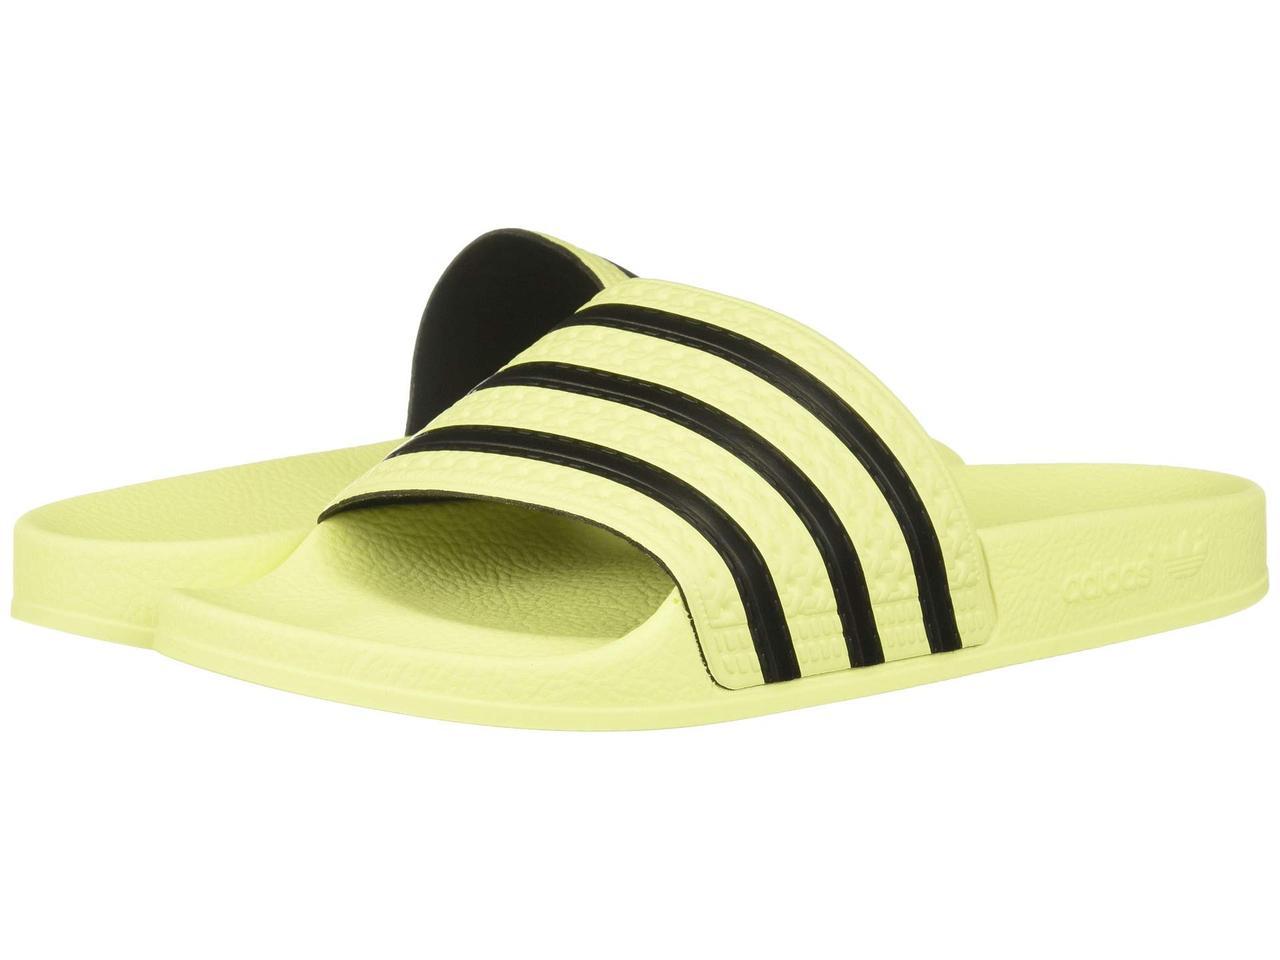 4d7b297855c Сандали/Вьетнамки (Оригинал) adidas Adilette Slide Ice Yellow/Ice  Yellow/Core Black: продажа, цена в Киеве. ...
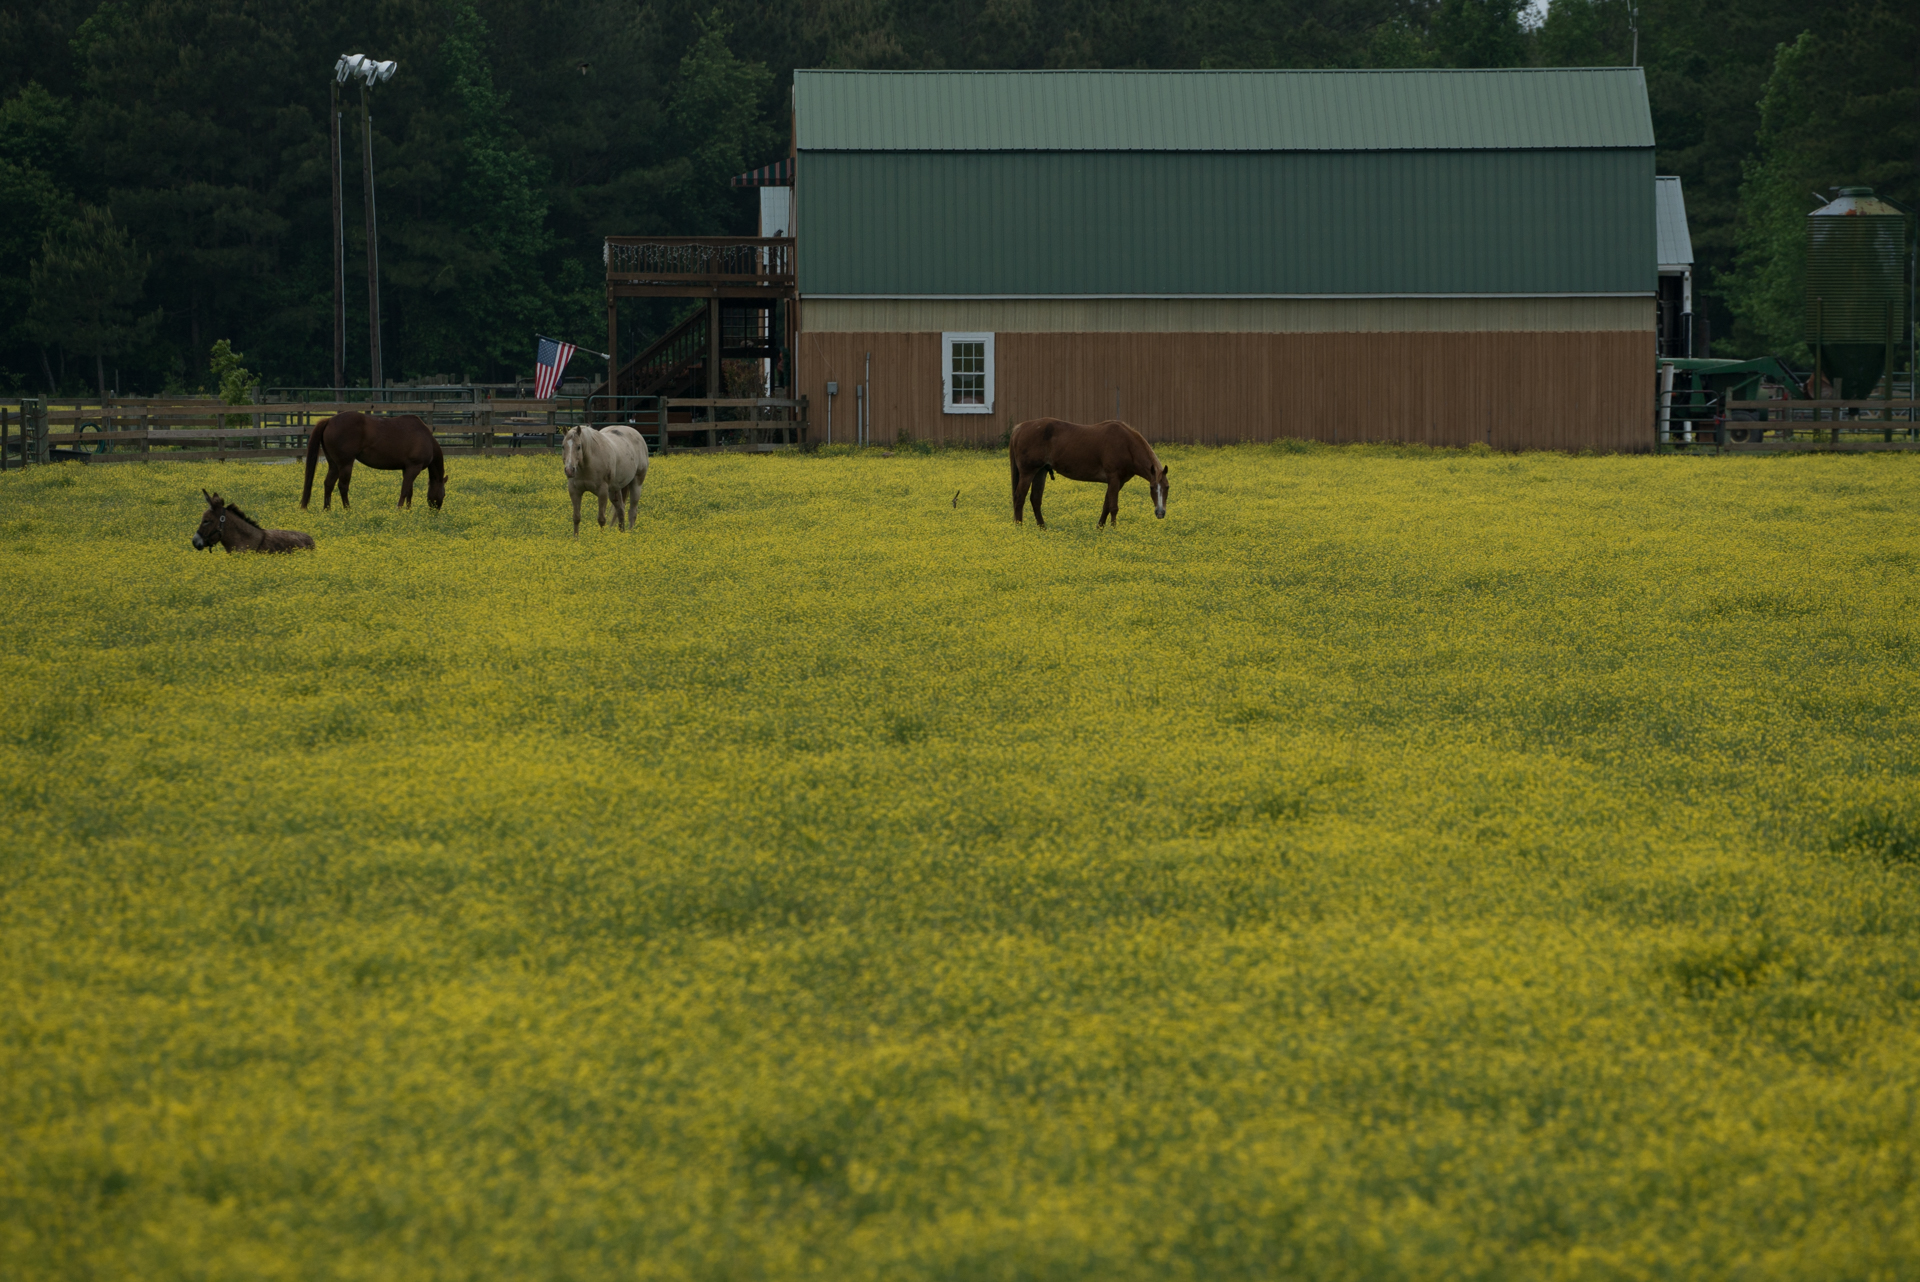 Map:2.  Farm near Belhaven, North Carolina
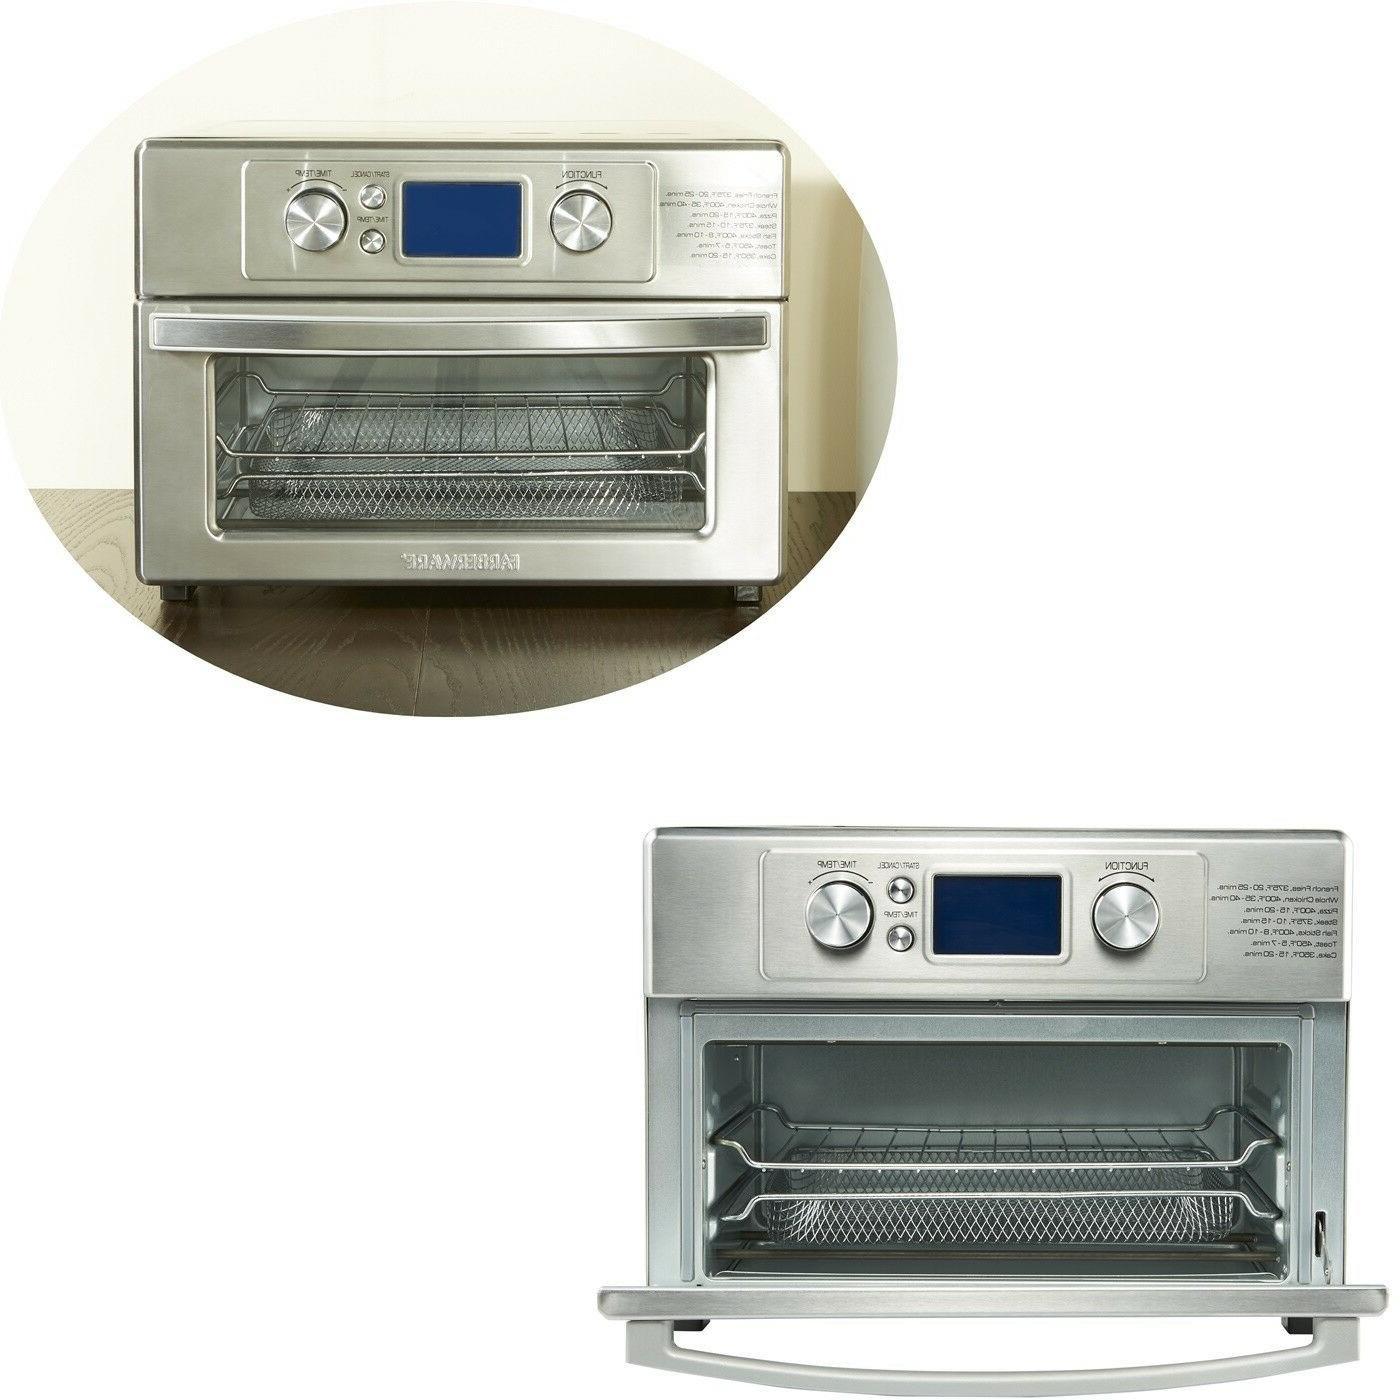 Farberware Air Fryer Toaster Oven Powerful Technology Preprogrammed
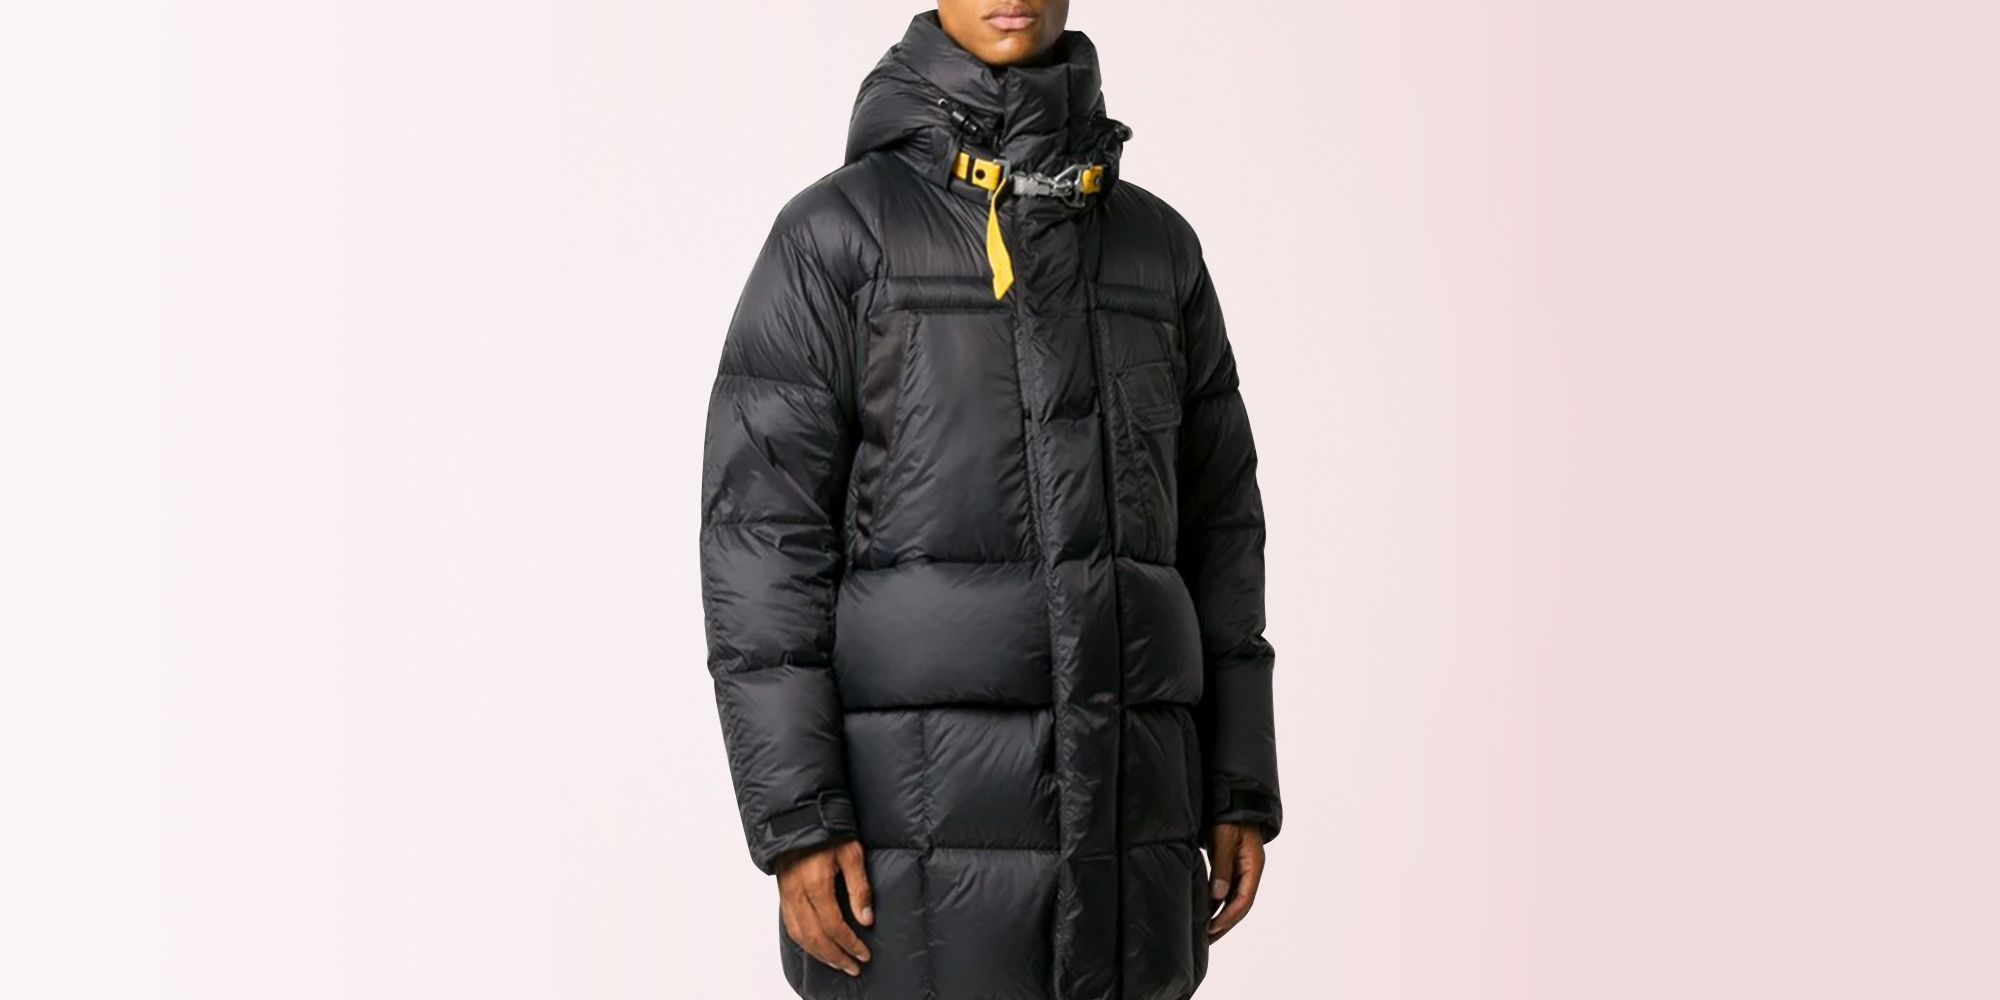 18 Best Winter Coats 2020 Warmest Men's Jackets for Cold

◆ **Work to complete**: Print every line of the listing exactly, please, and leave the images out.

◆ **Task solution**:
 4d7b297855c Сандали/Вьетнамки (Оригинал) adidas Adilette Slide Ice Yellow/Ice  Yellow/Core Black: продажа, цена в Киеве. ...
 Map:2.  Farm near Belhaven, North Carolina
 Farberware Air Fryer Toaster Oven Powerful Technology Preprogrammed
 18 Best Winter Coats 2020 Warmest Men's Jackets for Cold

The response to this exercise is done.